# Trick with a Feather Chopper



## Jake Allen (Apr 13, 2010)

An easy way to cut more than one sized feather from a
5 1/2", High Profile Banana shaped Feather Chopper.

I cleaned the base plate and applied one layer of thick masking tape; no bubbles or wrinkles in the tape. 
I then cut the edges of the tape away from the cut line of the chopper blade, measured 1/4" and trimmed away the rest of the tape with a steel ruler and sharp razor blade.

Align the quill of the feather on the steel edge for the full sized, 5 1/2" feather, or the quill against the edge of the tape for the 5", low profile feather.

Saved enough money for another bag of full length feathers. 

Makes a nice looking arrow. The 5" low profile feathers stablize the arrow, and are very quiet.

Also, you can cut either right, or left handed feathers using this profiled cutter.
This cutter, is handy as a pocket on a shirt.


----------



## BkBigkid (Apr 13, 2010)

Ok I am thinking again and it may not be a good thing! 

with the feather chopper could you if you have Excess parabolic Feathers re-cut them to Banana Shape? I have looked at it a couple of time and have wondered if that was possible. especially now that you can Bring them down to a shorter length.  Say take a 5 inch Parabolic to a 4.5 is Banana?


----------



## TNGIRL (Apr 14, 2010)

You did a real good job with the pictures and explanation of your chopper, Jeff!!! Even I understood it!!!! your arrows are always real nice and you make wonderful pink ones too!!!!I need some more OK? I've lost several lately!!!


----------



## Nugefan (Apr 14, 2010)

cool tutorial , thanks Dude ...


----------



## Jeff Kitchens (Apr 14, 2010)

Thanks Jake Allen.


----------



## hogdgz (Apr 14, 2010)

Cool Jeff, thanks for shareing.


----------



## Elbow (Apr 14, 2010)

Awesome job on those feathers!
Thanks for showing us Jake!
El


----------



## Jake Allen (Apr 14, 2010)

BkBigkid said:


> Ok I am thinking again and it may not be a good thing!
> 
> with the feather chopper could you if you have Excess parabolic Feathers re-cut them to Banana Shape? I have looked at it a couple of time and have wondered if that was possible. especially now that you can Bring them down to a shorter length.  Say take a 5 inch Parabolic to a 4.5 is Banana?



Good idea BK. 
About 7/16" from the steel edge, 5" parabloic to a 4 3/8", a skosh further away, a 4" cut.

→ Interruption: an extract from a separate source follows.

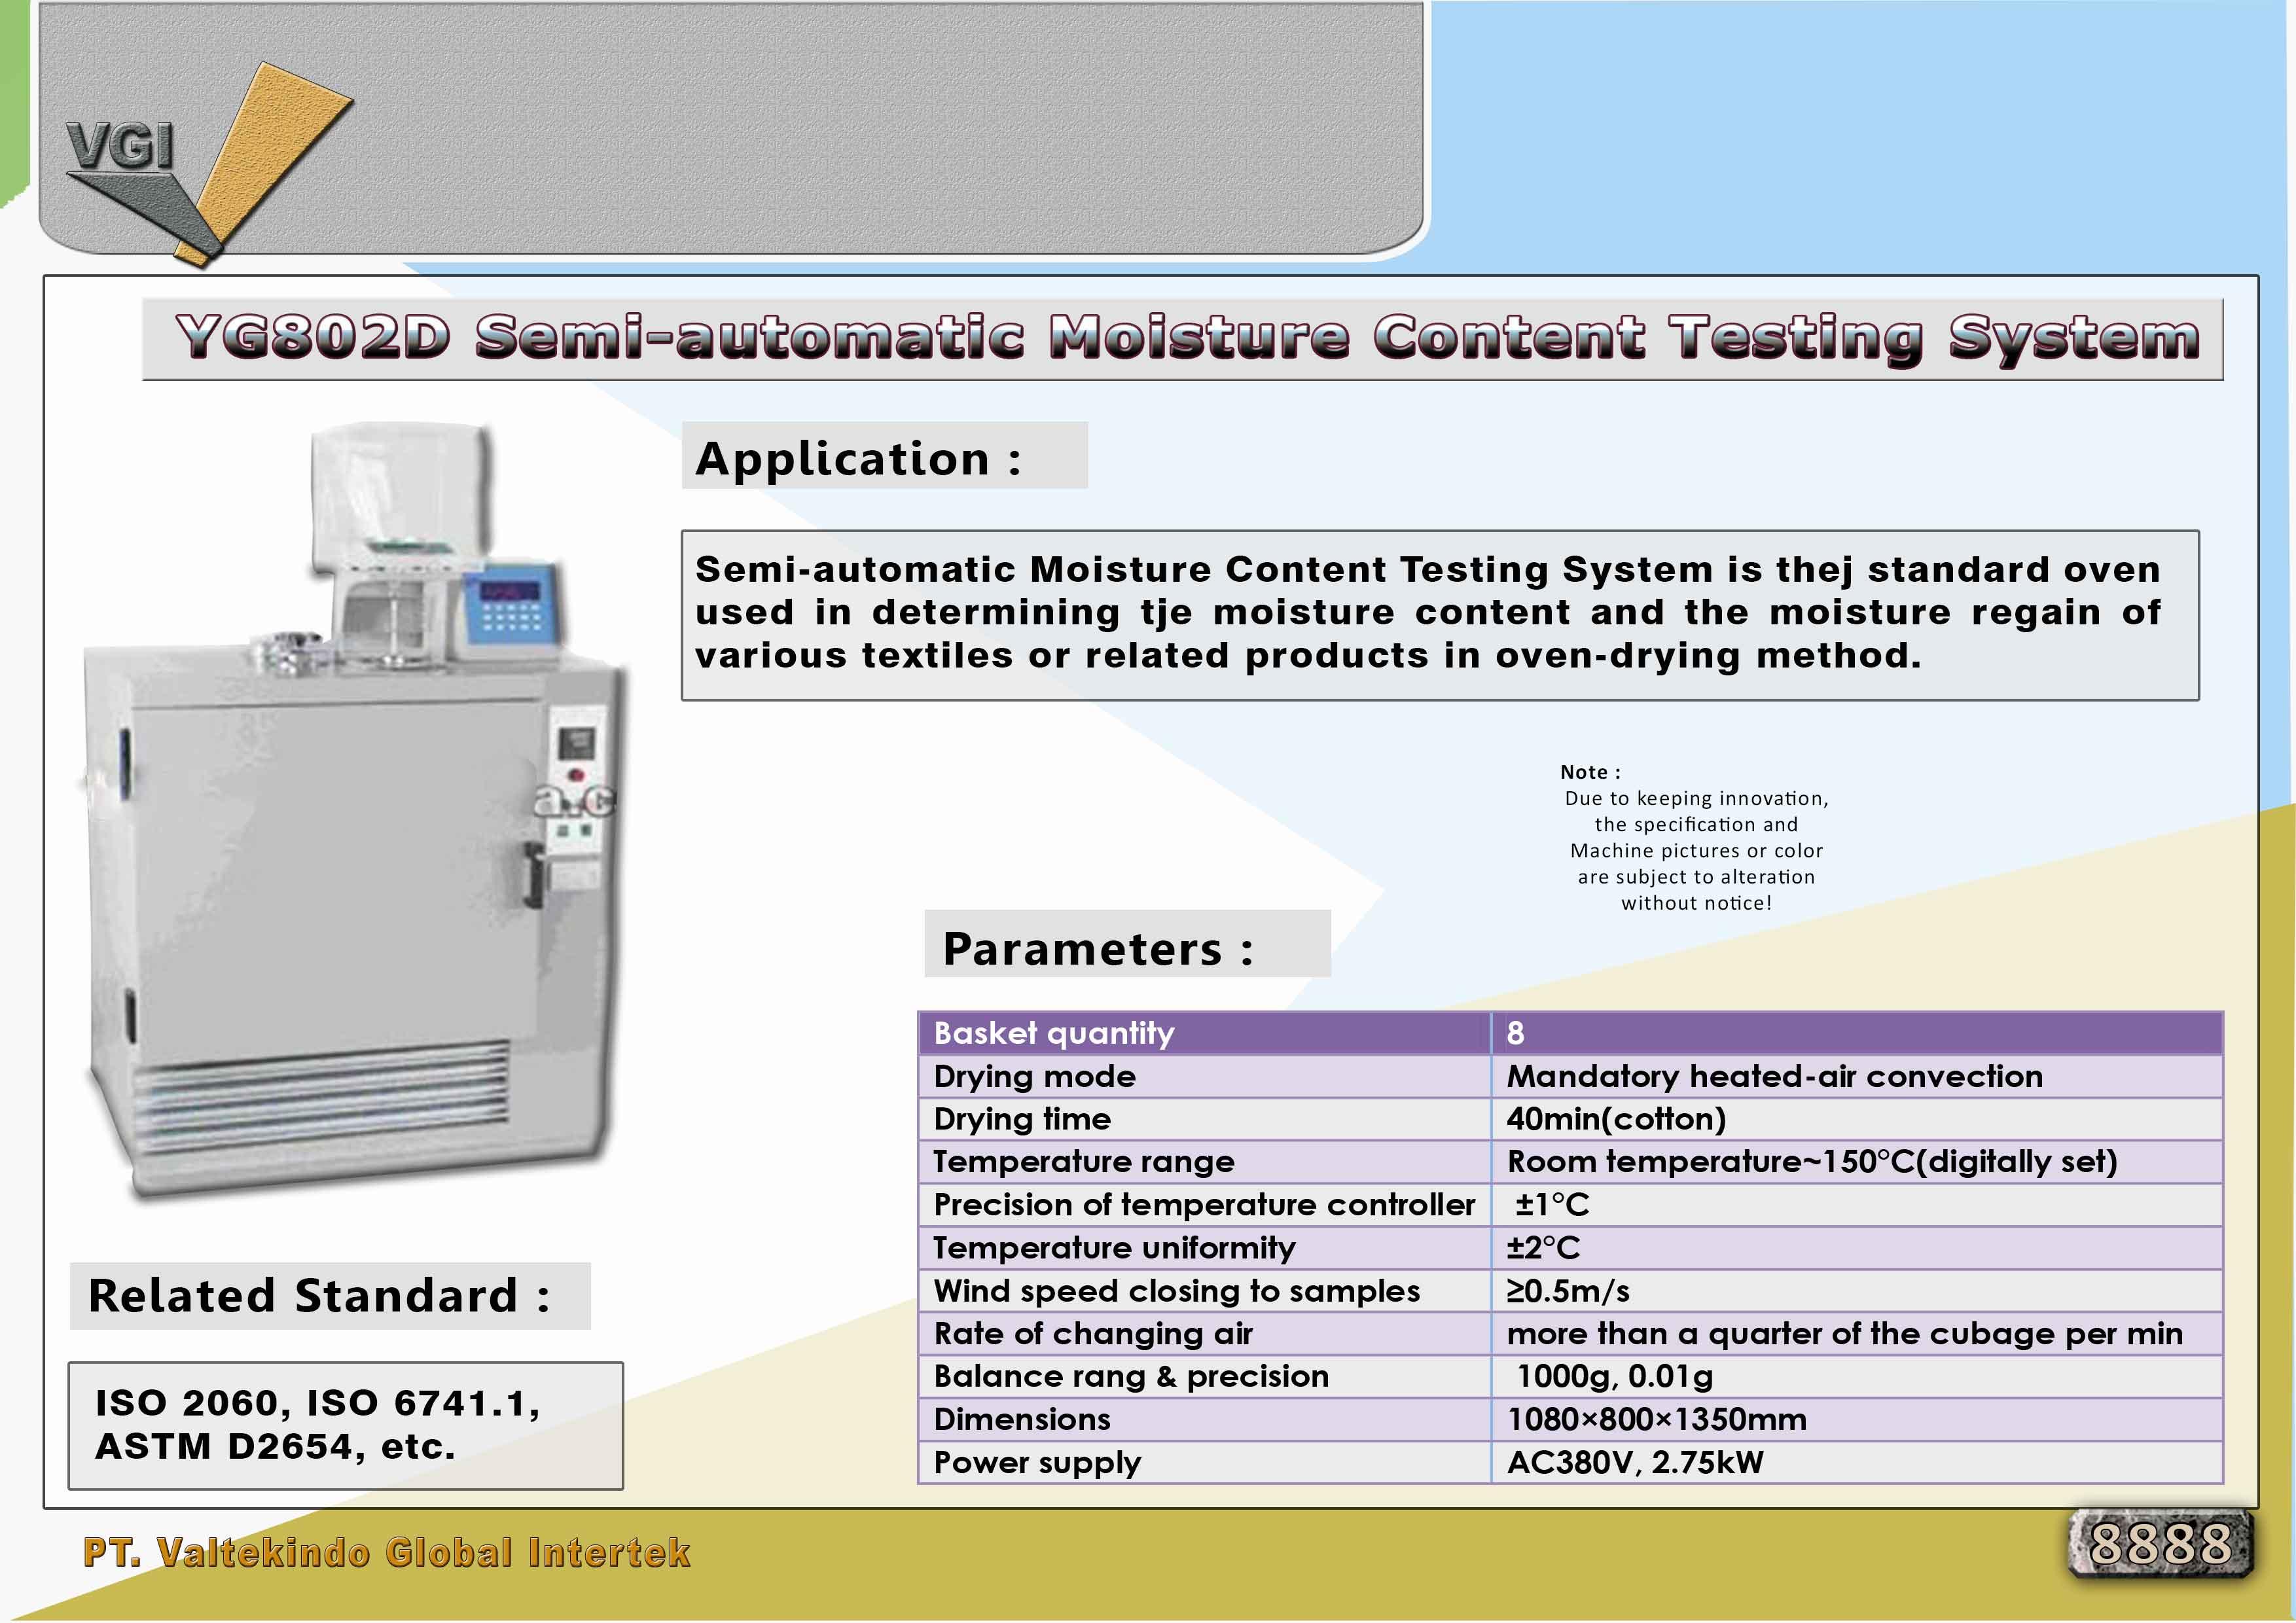 jual mesin Semi-Automatic Moisture Content Testing System Semi-Automatic Moisture Content Testing System

Thanks for the nice comments folks!


----------



## Elbow (Apr 14, 2010)

Jake, I just read where you said, " you can cut right or left handed feathers."  I didn't know there were right and left handed feathers.....learning something new everyday! 
El


----------



## OconeeDan (Apr 15, 2010)

Come on, Jeff, just admit you are cheap!

Just kidding, great idea.  Same for BK too.


----------



## Jake Allen (Apr 15, 2010)

Elbow said:


> Jake, I just read where you said, " you can cut right or left handed feathers."  I didn't know there were right and left handed feathers.....learning something new everyday!
> El



The correct term, ( I mis-typed ) is Right or Left Wing; just like the feathers grow on a turkey, or goose.

Dan; an exercise in frugality


----------



## TNGIRL (Apr 15, 2010)

Dan!!!!! you mean you wouldn't use the feathers from the left wing!!! They are every bit as good as the right wing feathers. It's just most people shy away from the left side, because they don't have a left feather fletching jig. But once you own one, you have the ease and pleasure in being able to use both wings of a fleathered bird!!!!! Excellent useage, no waste and honestly they fly just as straight and true as right wing. Most of us right handers just think right handed and can't wrap our minds around that other side!!!!! 
And if ANYONE I know can be frugal and not waste time nor money it's JakeAllen!!!!! that'll save 20 cents on the dollar!!!!


----------